Comme l'ont souligné Duhem et Popper, lorsqu'elle fut incorporée dans le système de la mécanique newtonienne, la troisième loi de Kepler subit une modification : « a3/T2 = constante » devint « a3/T2 = mi + mj » (où « mi » et « mj » désignent les masses respectivement du Soleil et d'une planète du système solaire). La première formulation est une bonne approximation de la seconde sous réserve de l'une ou l'autre de deux idéalisations possibles : (a) que toutes les planètes ont la même masse ou (b) que leur masse peut être ignorée (ou tenue pour nulle) ; (a) est fausse et (b) est incompatible avec la loi de la gravitation universelle car un corps de masse nulle ne peut entrer dans des interactions gravitationnelles. Comme la loi de la gravitation universelle fait partie des principes grâce auxquels la troisième loi de Kepler peut être expliquée (dans le système newtonien), la formulation originale doit être révisée. Les lois de la nature sont donc sous le contrôle « ascendant » des observations et « descendant » des lois plus générales.
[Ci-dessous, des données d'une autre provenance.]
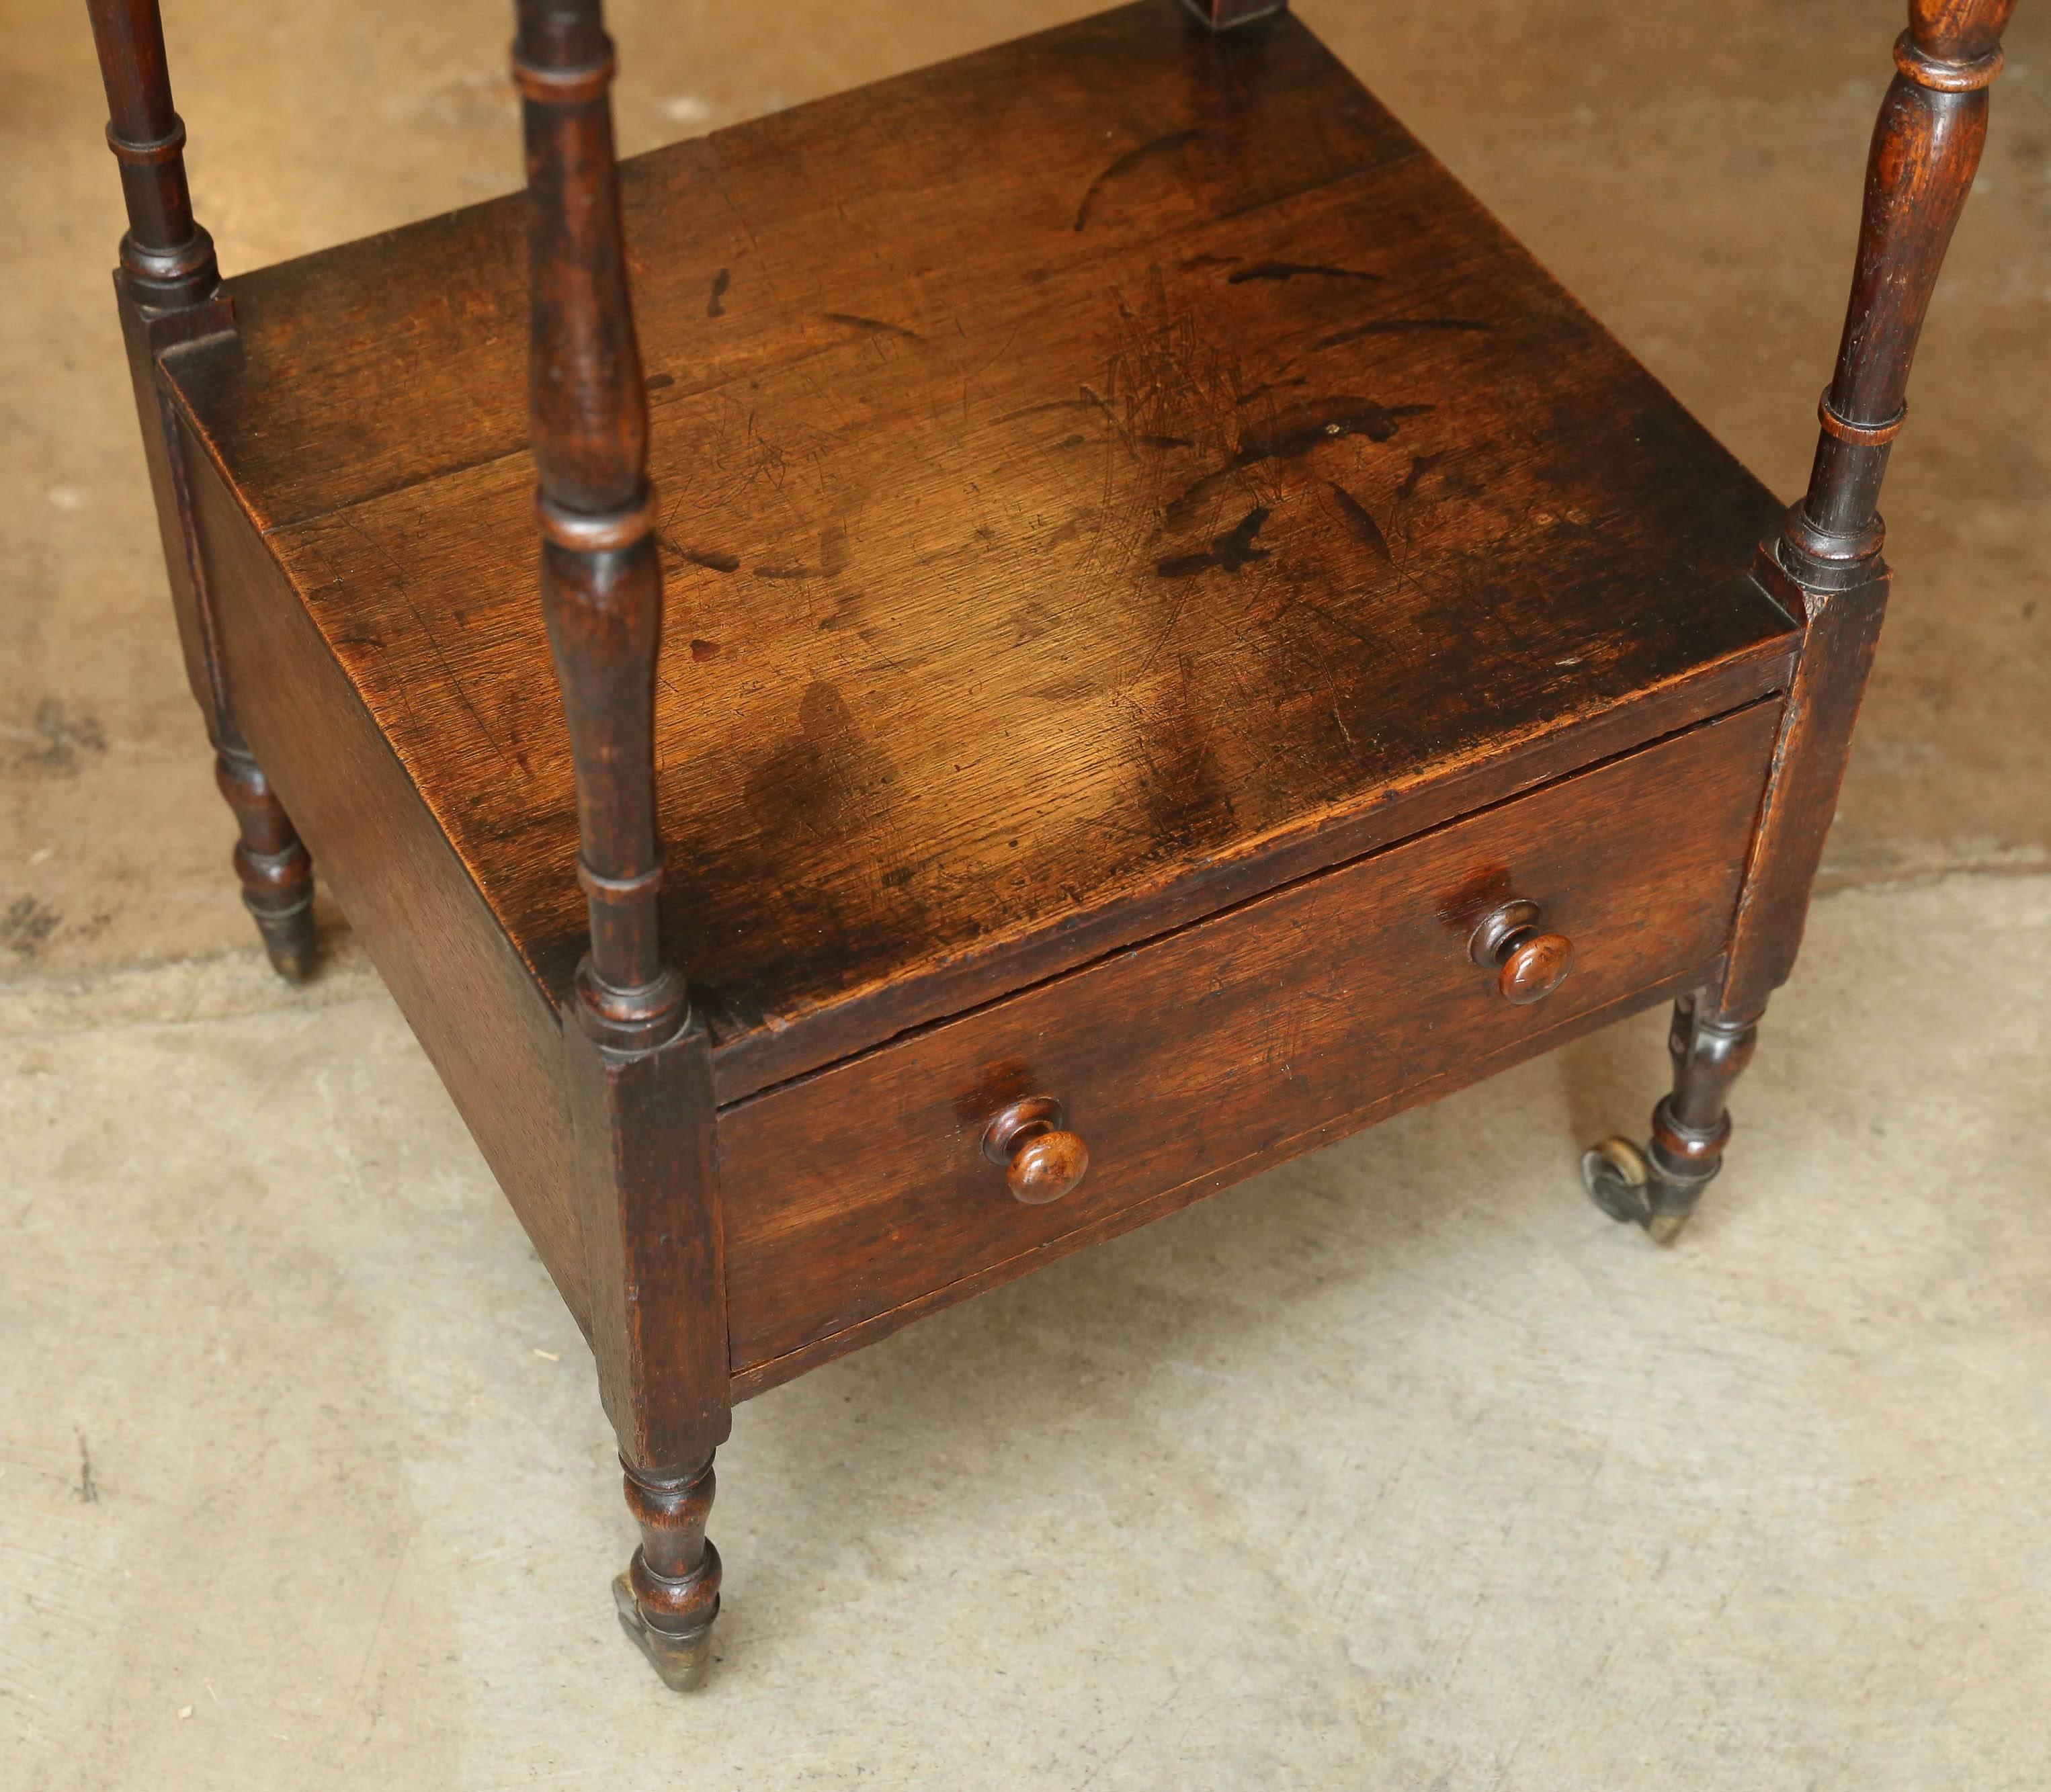 19th century whatnot with three shelves and bottom drawer. Oak and mahogany, circa 1820. Wheels are original.

La formation des hypothèses nomologiques universelles est un mystère logique. On ne peut évidemment pas les déduire des faits expérimentaux ou des phénomènes observables. Le problème de la formation des hypothèses nomologiques est ce qu'on nomme depuis le philosophe anglais du xviiie siècle, David Hume, le problème de l'induction ou de l'inférence non démonstrative. Nous n'examinons directement qu'un échantillon fini (ou petit) de cas observés ; nous « projetons » (ind […]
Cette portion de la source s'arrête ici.